══ LISTED RECORDS ══

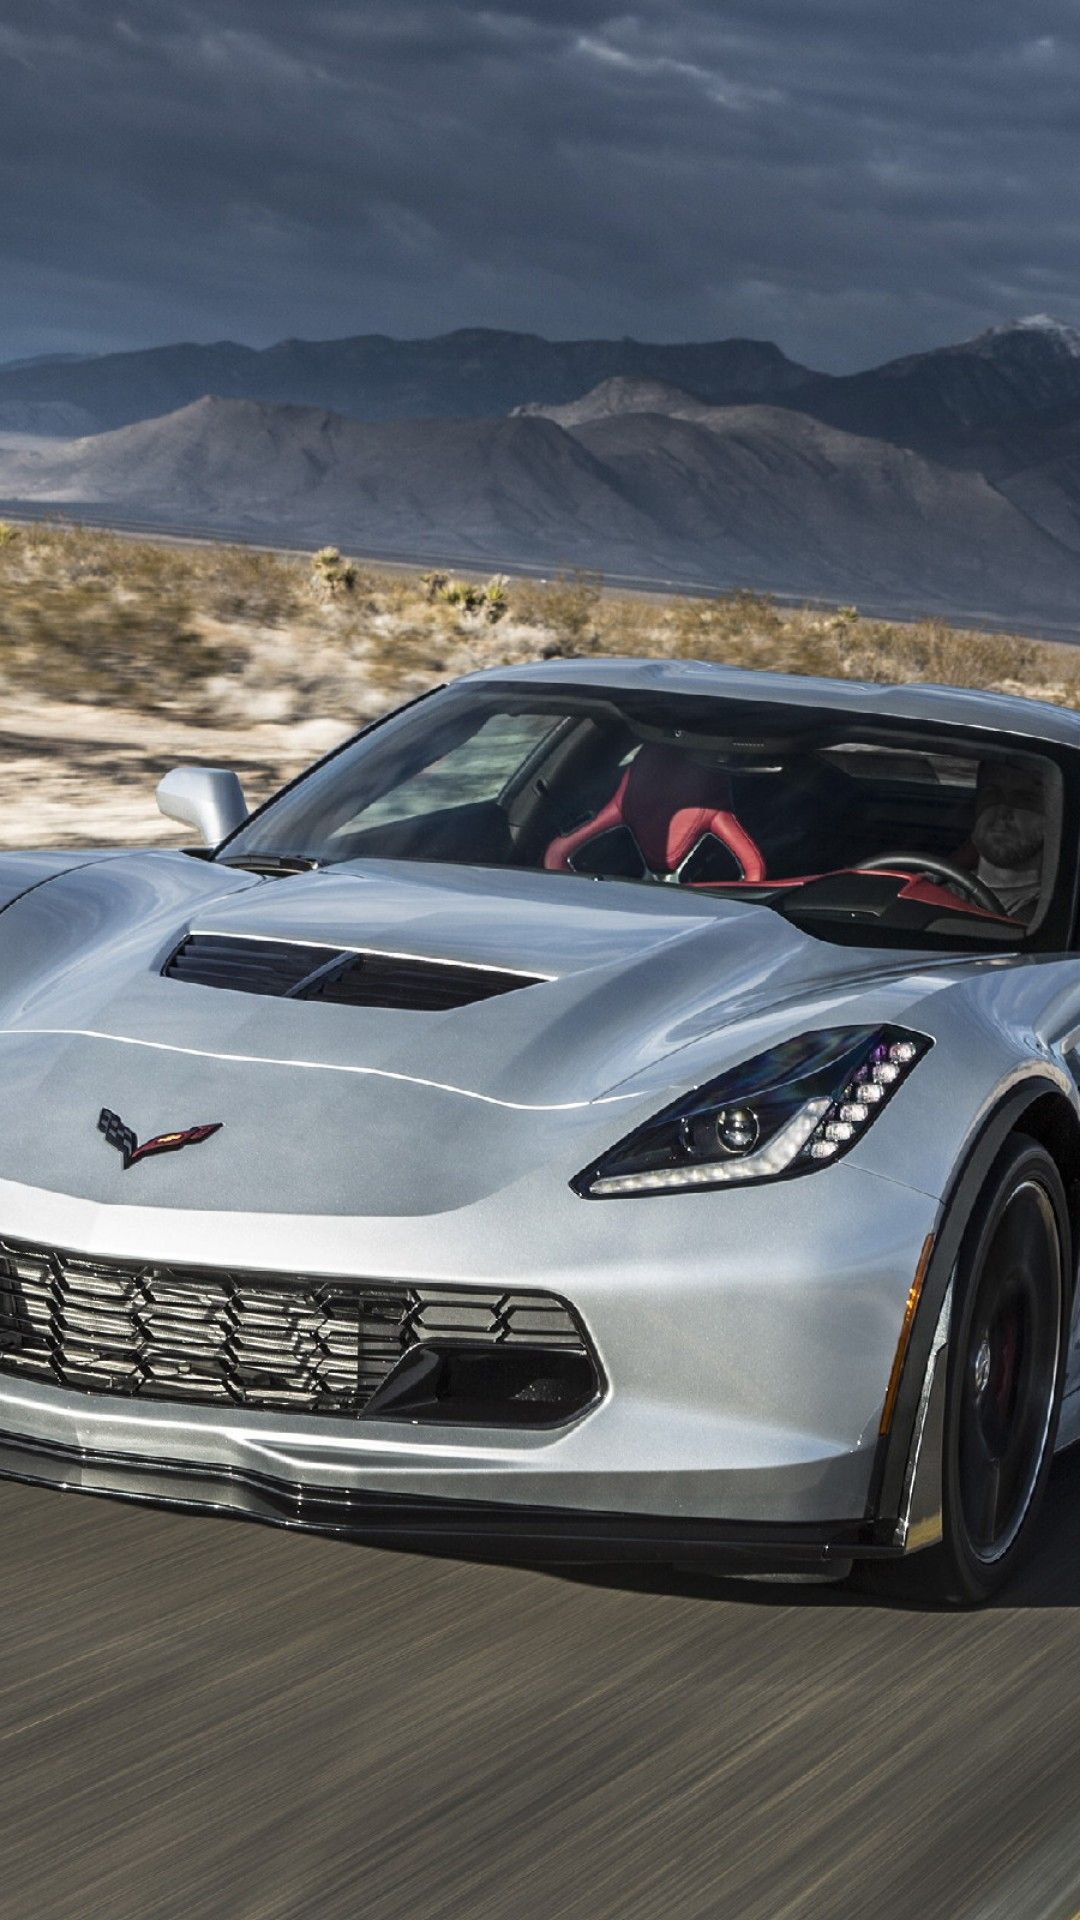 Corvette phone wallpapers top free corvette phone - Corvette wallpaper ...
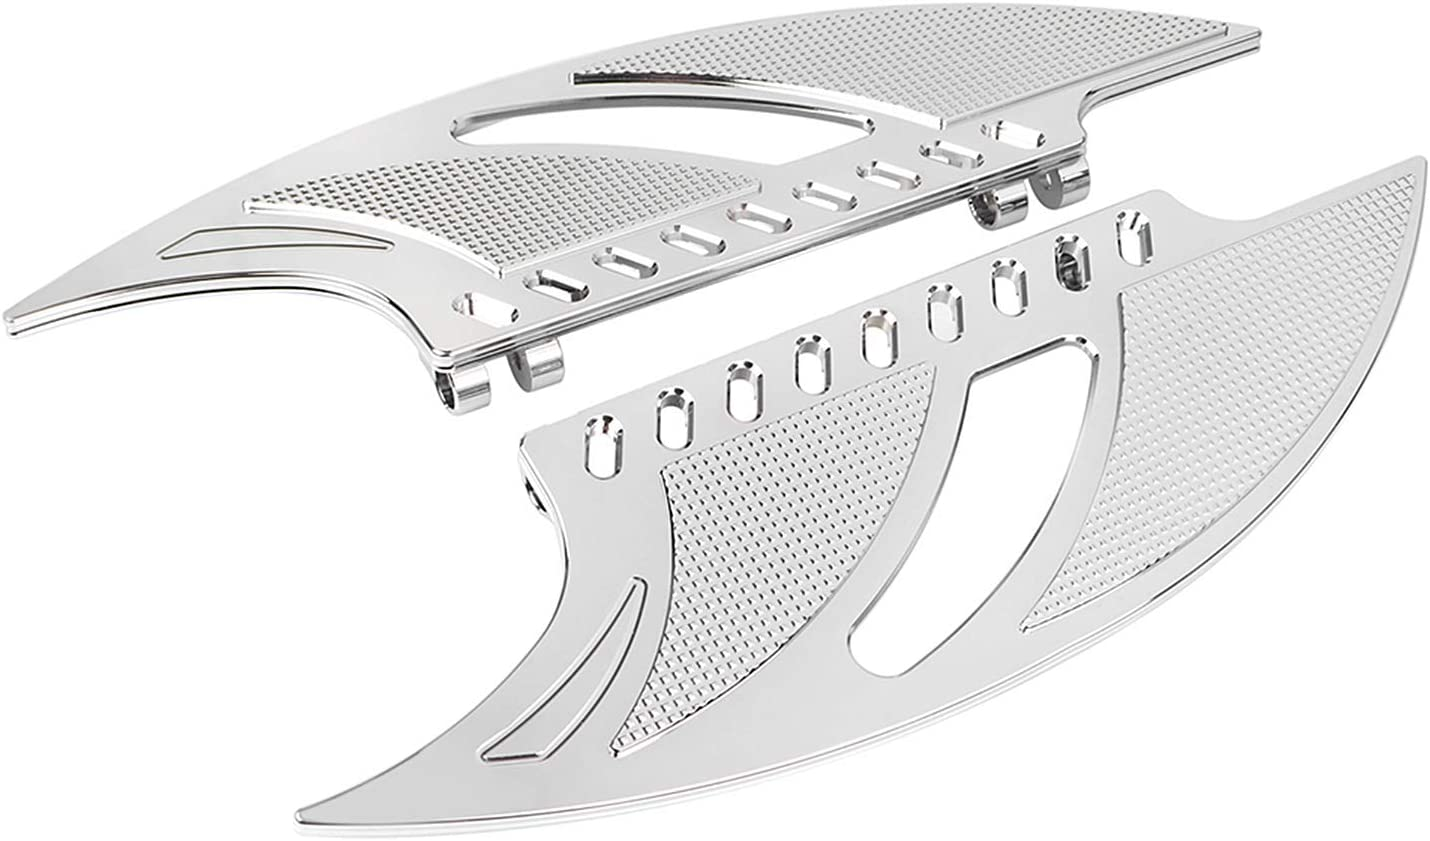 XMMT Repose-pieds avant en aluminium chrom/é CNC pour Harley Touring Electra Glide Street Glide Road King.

═══
══ LISTED RECORDS ══

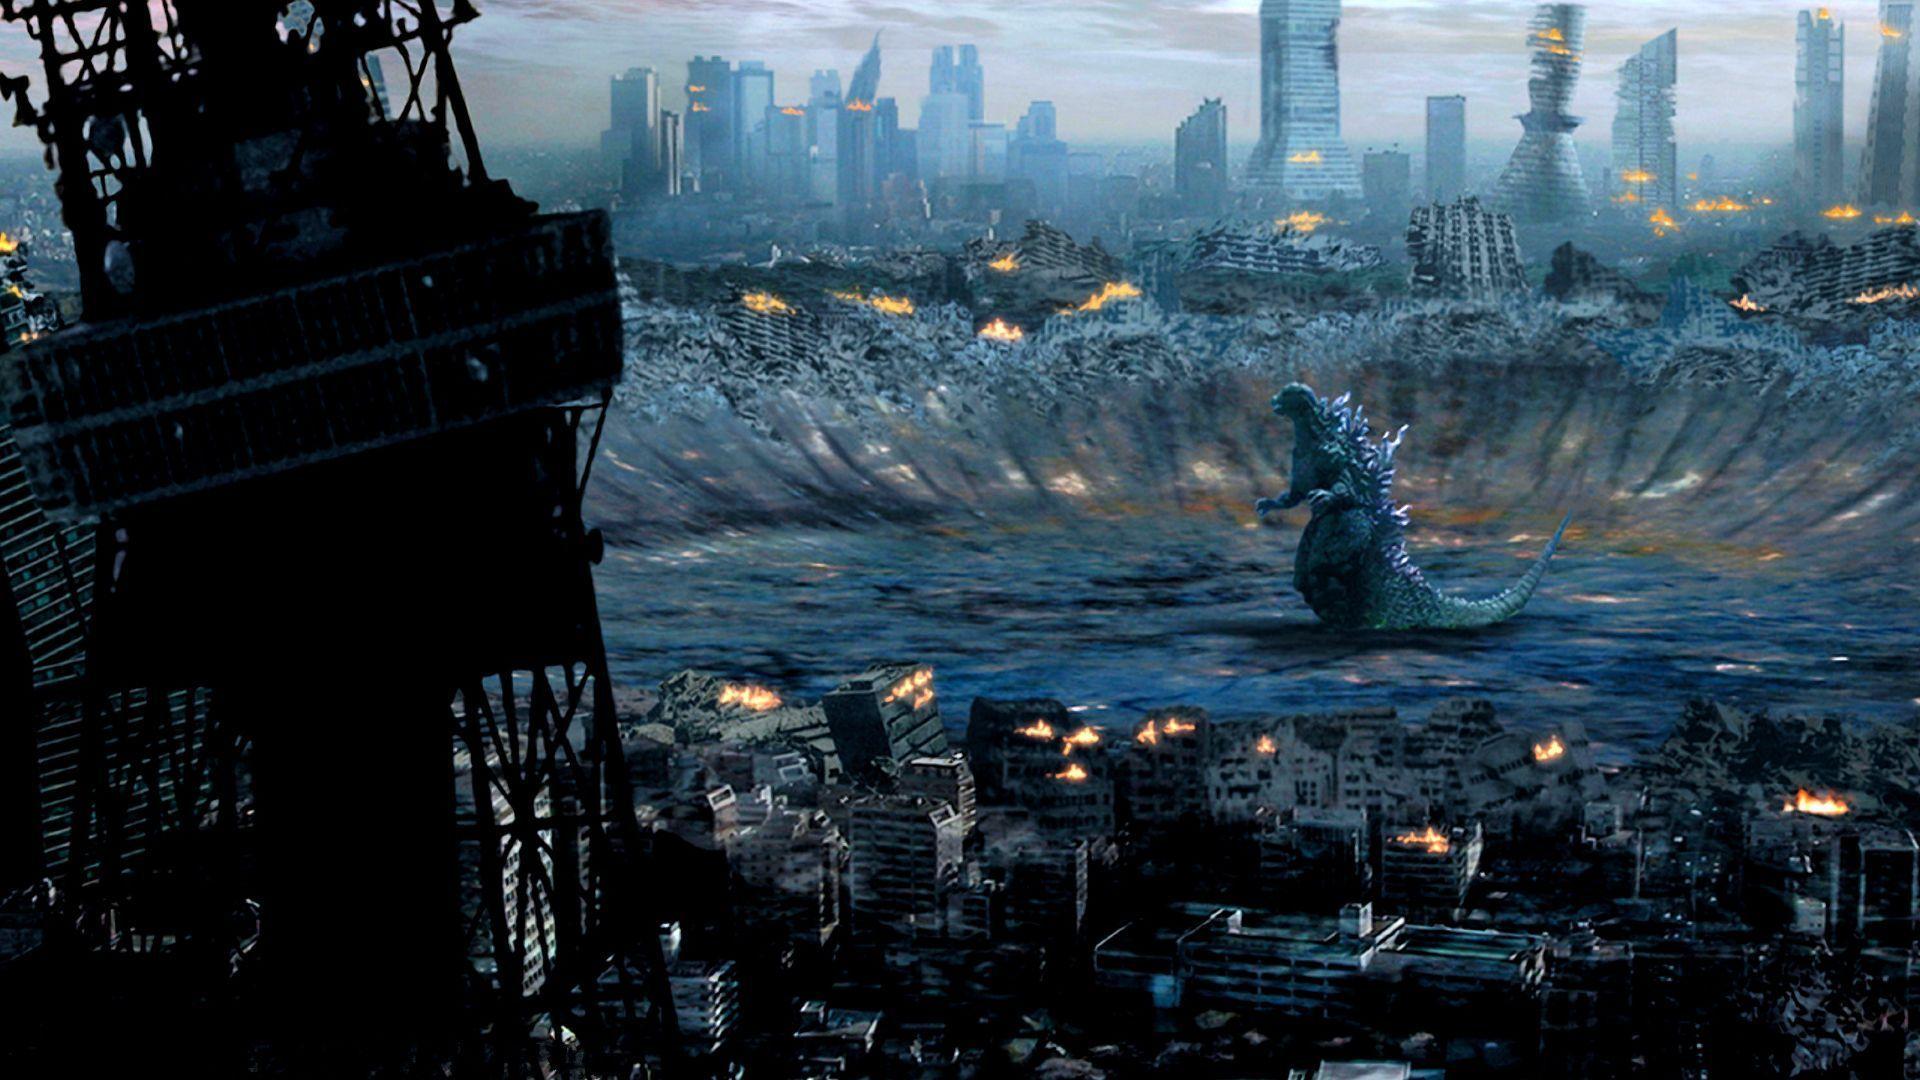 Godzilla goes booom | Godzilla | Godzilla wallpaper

═══

(TASK PROMPT) All lines above starting at the one with "Corvette phone wallpapers" and ending at the one with "XMMT Repose-pieds avant", inclusive, are to be printed again exactly, with the pictures left out.

(ANSWER TO THIS TASK)
 Corvette phone wallpapers top free corvette phone - Corvette wallpaper ...
 XMMT Repose-pieds avant en aluminium chrom/é CNC pour Harley Touring Electra Glide Street Glide Road King.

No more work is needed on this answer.